This book will appeal to both technically inclined artists and musically inclined computer scientists. It is directed to any reader who wants to gain hands-on knowledge about building generative music applications that use deep learning. It doesn't assume any musical or technical competence from you, apart from basic knowledge of the Python programming language.
Chapter 1, Introduction to Magenta and Generative Art, will show you the basics of generative music and what already exists. You'll learn about the new techniques of artwork generation, such as machine learning, and how those techniques can be applied to produce music and art. Google's Magenta open source research platform will be introduced, along with Google's open source machine learning platform TensorFlow, along with an overview of its different parts and the installation of the required software for this book. We'll finish the installation by generating a simple MIDI file on the command line.
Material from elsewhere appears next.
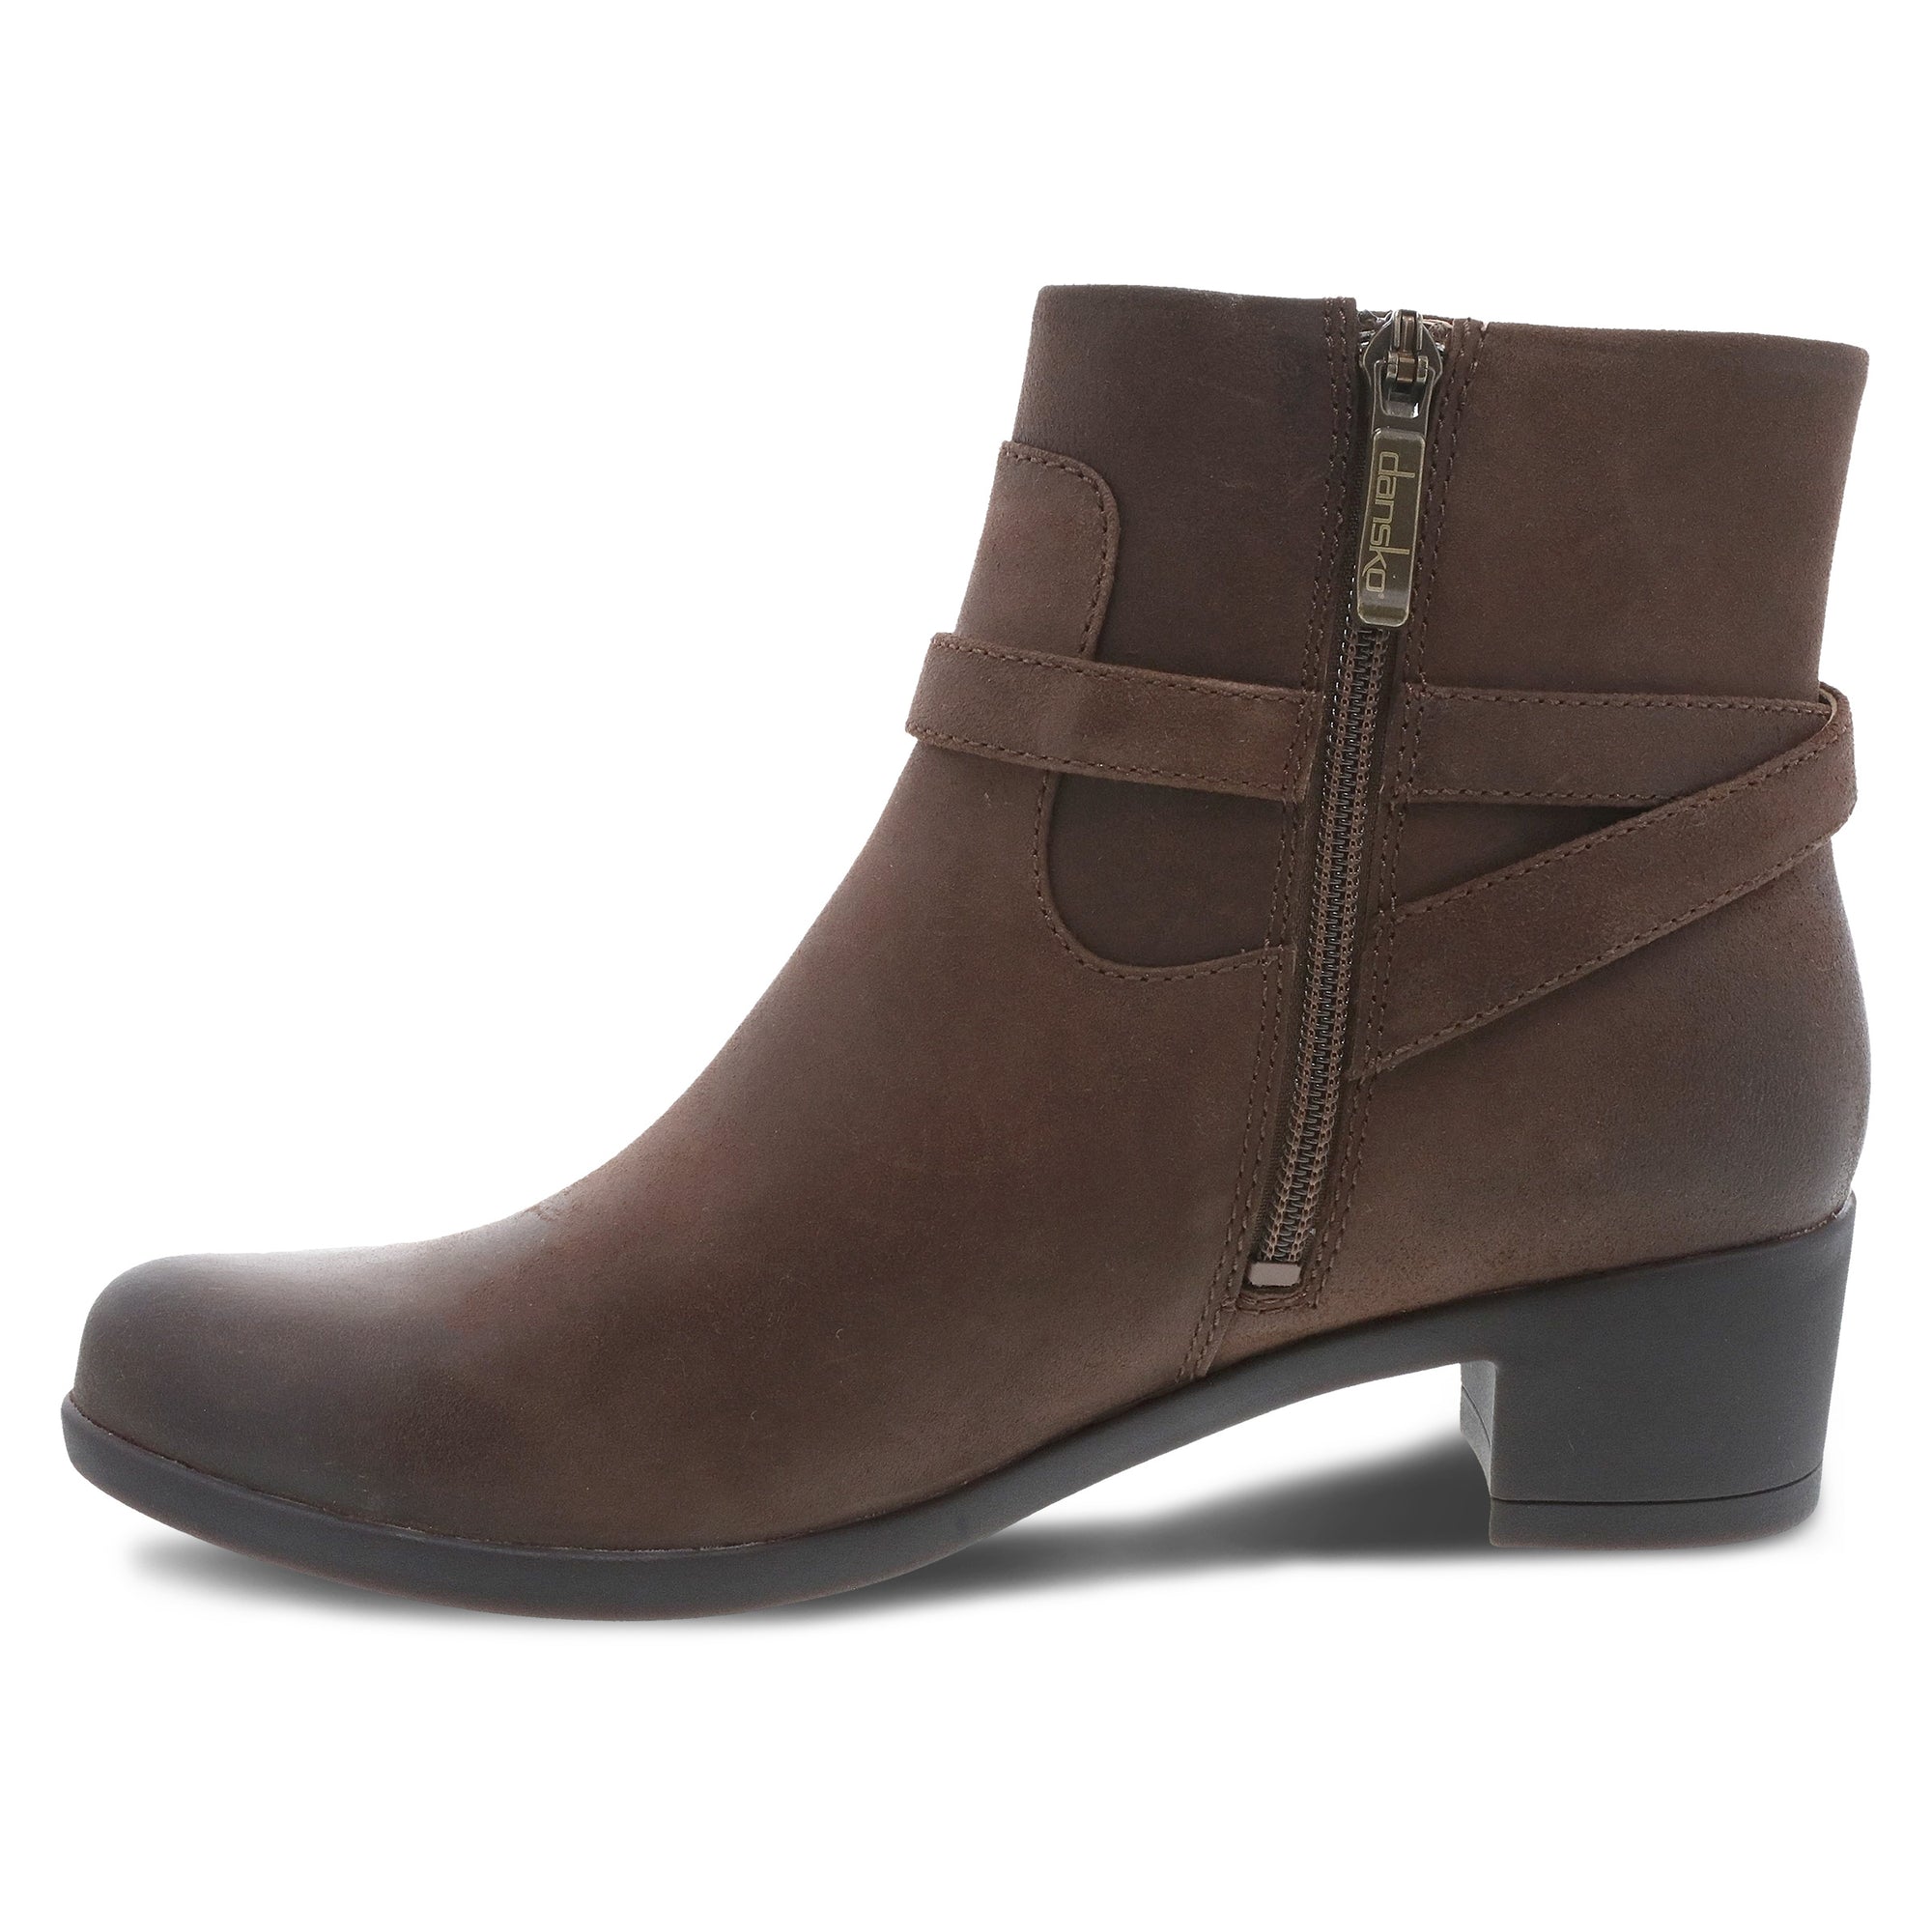 Mid-shaft boot shown from side to highlight zipper for easy wear and high-quality leather.
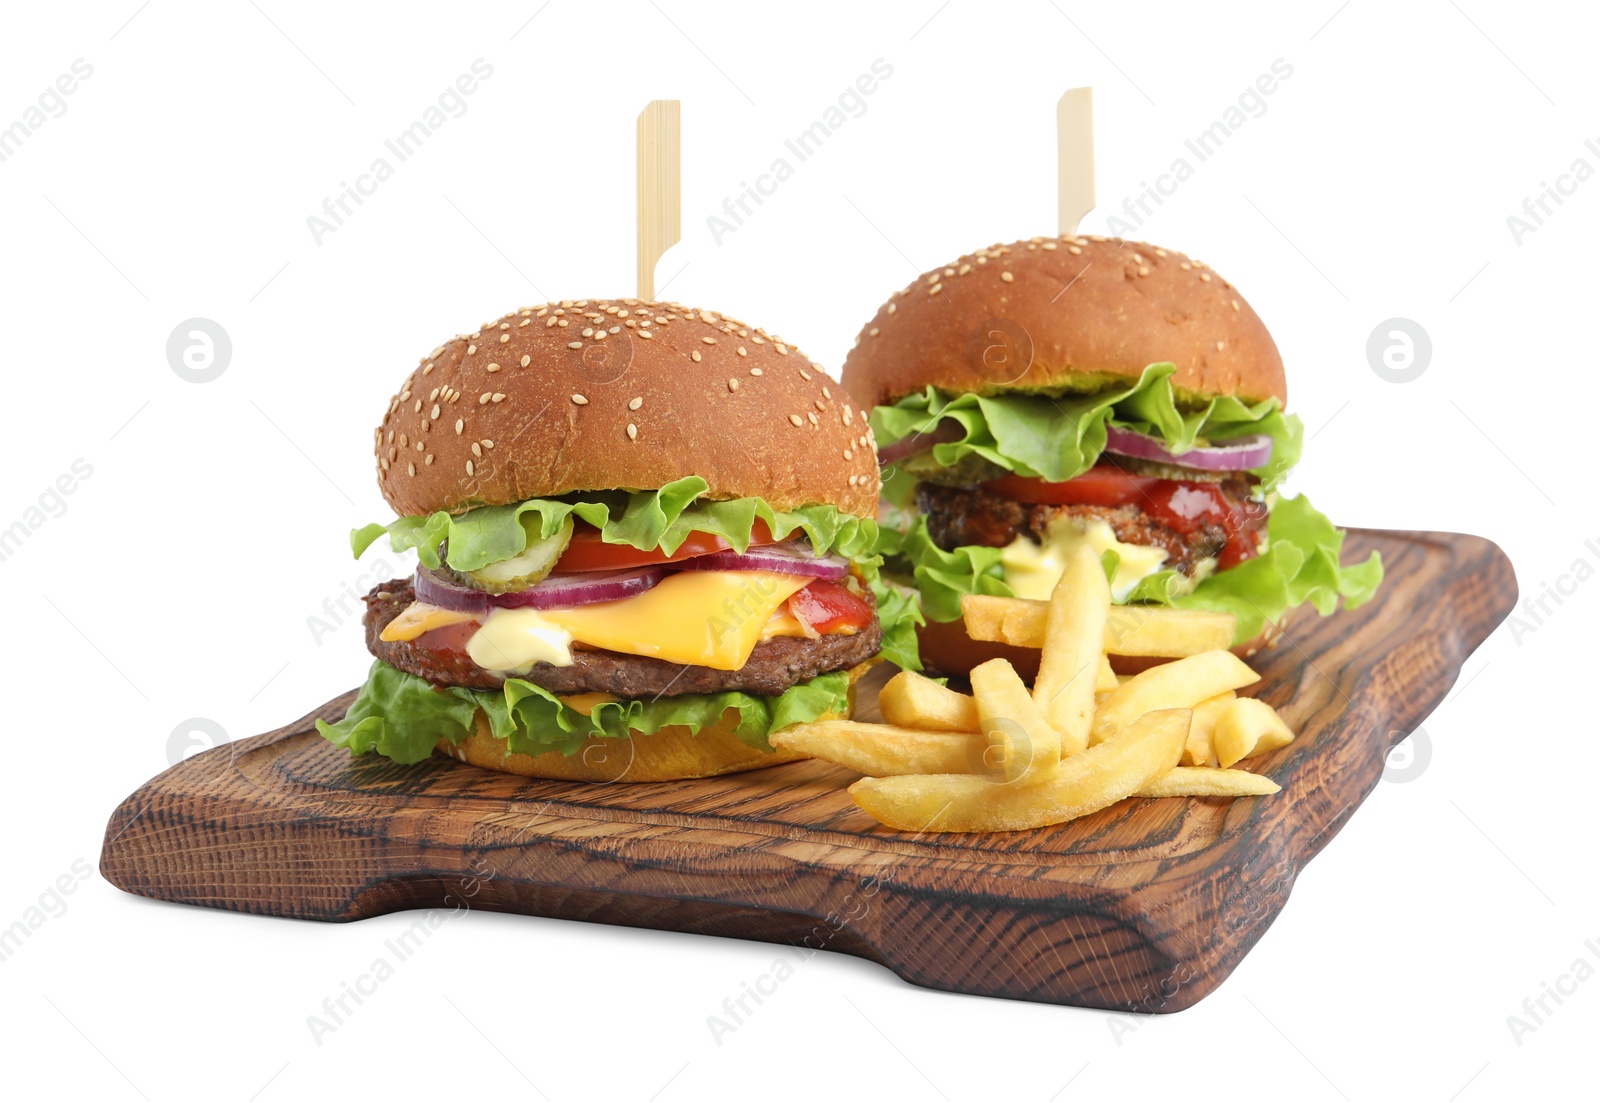 Photo of Delicious burgers with beef patty and french fries isolated on white

Chapter 2, Generating Drum Sequences with the Drums RNN, will show you what many consider the foundation of music—percussion. We'll show the importance of RNNs for music generation. You'll then learn how to use the Drums RNN model using a pre-trained drum kit model, by calling it in the command-line window and directly in Python, to generate drum sequences. We'll introduce the different model parameters, including the model's MIDI encoding, and show how to interpret the output of the model.
Chapter 3, Generating Polyphonic Melodies, will show the importance of Long Short-Term Memory (LSTM) networks in generating longer sequences. We'll see how to use a monophonic Magenta model, the Melody RNN—an LSTM network with a loopback and attention configuration. You'll also learn to use two polyphonic models, the Polyphony RNN and Performance RNN, both LSTM networks using a specific encoding, with the latter having support for note velocity and expressive timing.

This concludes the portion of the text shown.